Le "récit" /description d'image s'attache aux attributs des personnages qui ont été identifiés sans peine. Il se situe dans un registre énonciatif. Yann est capable de faire le lien ainsi entre les images "un sien il est pas mouillé là", S'il ne peut exprimer une intention, il utilise un mot du dialogue pour donner le résultat d'une première action, "sauté", puis de lui-même découvre "ah!" l'action qui s'est produite "glissé" entre 2 images. Le temps des énoncés est bien celui de l'énonciation dans le cadre d'une image mais la connection inter-image est ainsi rétablie par lexique utilisé. Son langage reste parataxique au niveau de la thématisation de ce qui importe pour lui dans un langage enfantin "la dame sé pas content à... " et quand je lui demande de regarder encore l'image pour qu'il repère l'eau par terre, il suit son idée et enchaîne sur une formulation en lien avec son expérience "grosse bêtise" puis un énoncé qui résume l'histoire en développant l'interdit "C'est pas bon pas de sien dans l'eau. C'est interdit, pas dans l'eau." Il reprend ainsi ce qui pose problème dans son propre comportement à son CAT, les interdits...

Rappelons qu'il avait fallu mettre en scène le scénario avec Artus avec des jouets pour qu'il sorte de la dénomination, utiliser le mime avec eux et la référence à son expérience personnelle pour qu'Artus puisse se lancer et faire un résumé à partir de la dernière image :"clabousser de l'eau partout. A la fin il a renversé de l'eau et la mère (de ce garçon) elle est fâchée."
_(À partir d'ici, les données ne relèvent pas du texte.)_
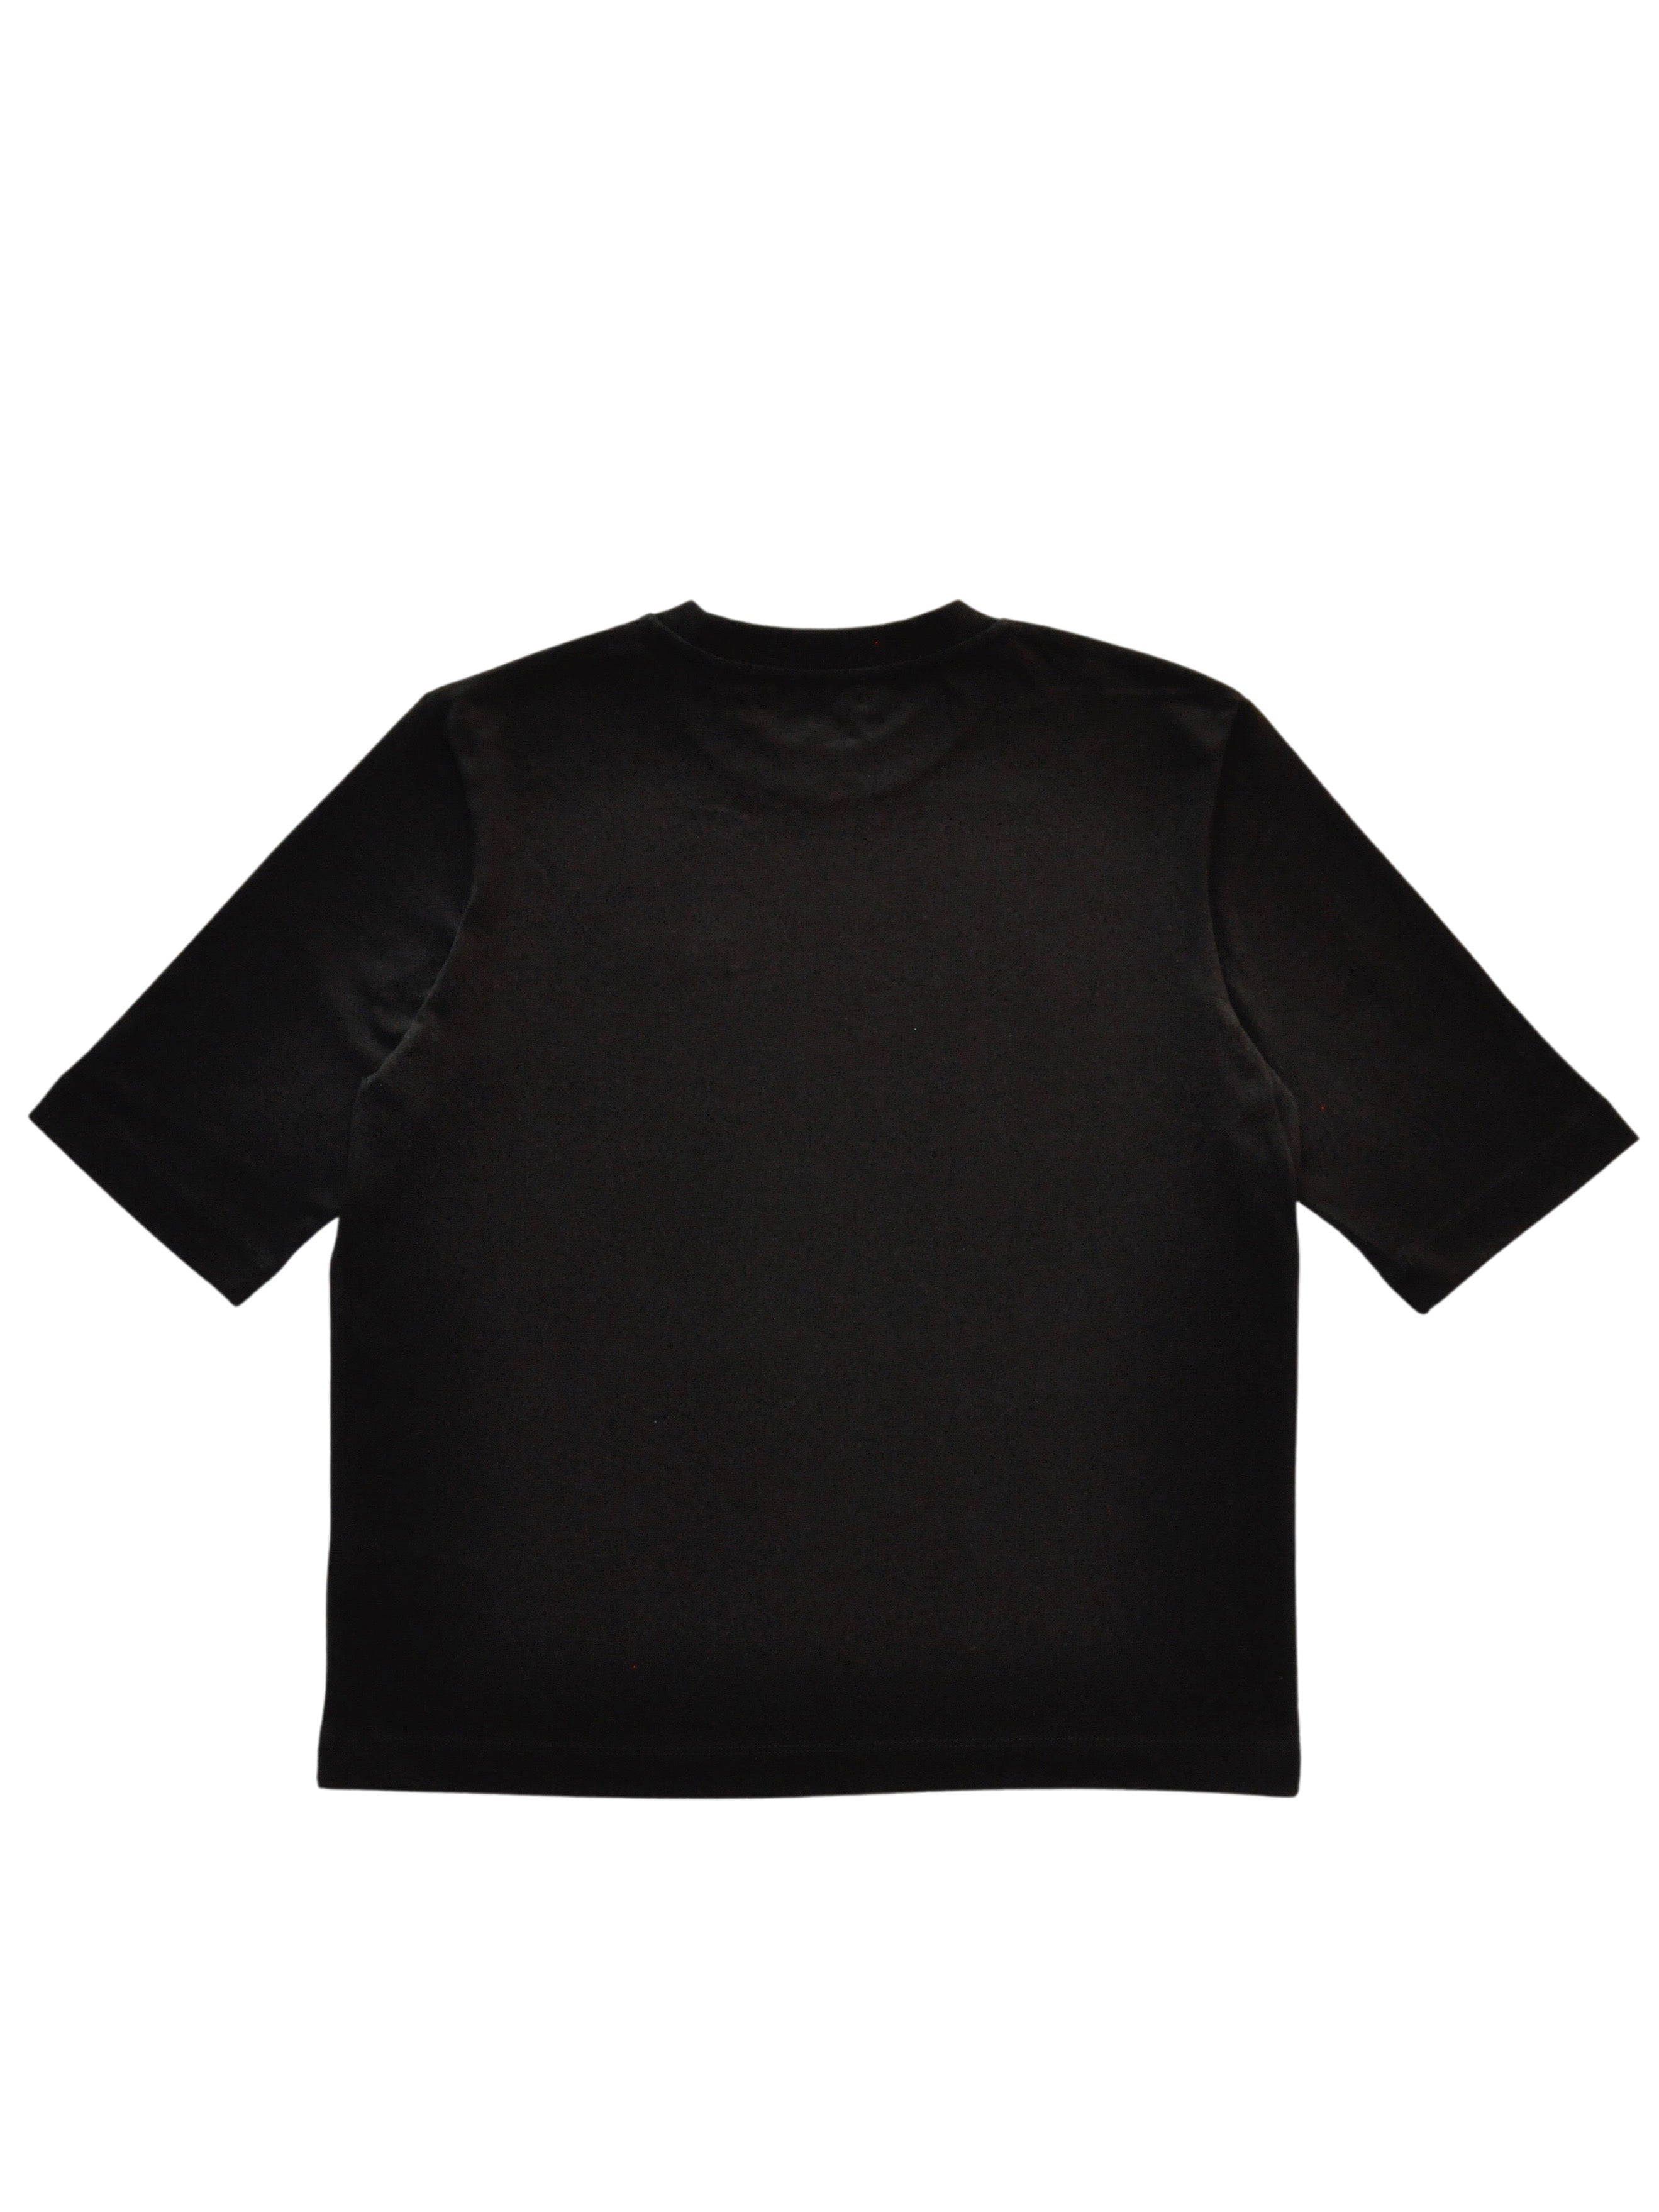 BY11 Organic Cotton Embroidered Easy Fit T-shirt - Black

Artus a appris ce qui convient et s'est exprimé là-dessus en dessinant à l'adolescence. Il disposait alors d'un savoir lire/écrire, d'une connaissance du monde qui était passée par l'histoire, la géographie, la religion, la politique. Yann n'en était pas là à ce moment de son existence, ce ne sont pas des mots qui ont pu poser les interdits. Nous l'avions esquissé au moment où il vivait dans le monde du docteur who en tentant de différencier l'imaginaire du monde de l'expérience quotidienne. Mais il va sûrement les intérioriser car il les évoque dans cette nouvelle activité narrative. On voit qu'il entre dans la conduite de récit sur de toutes autres bases qu'Artus. Son langage témoigne d'une évolution selon d'autres modalités, ce qui ne peut manquer de se confirmer dans les articles qui vont suivre.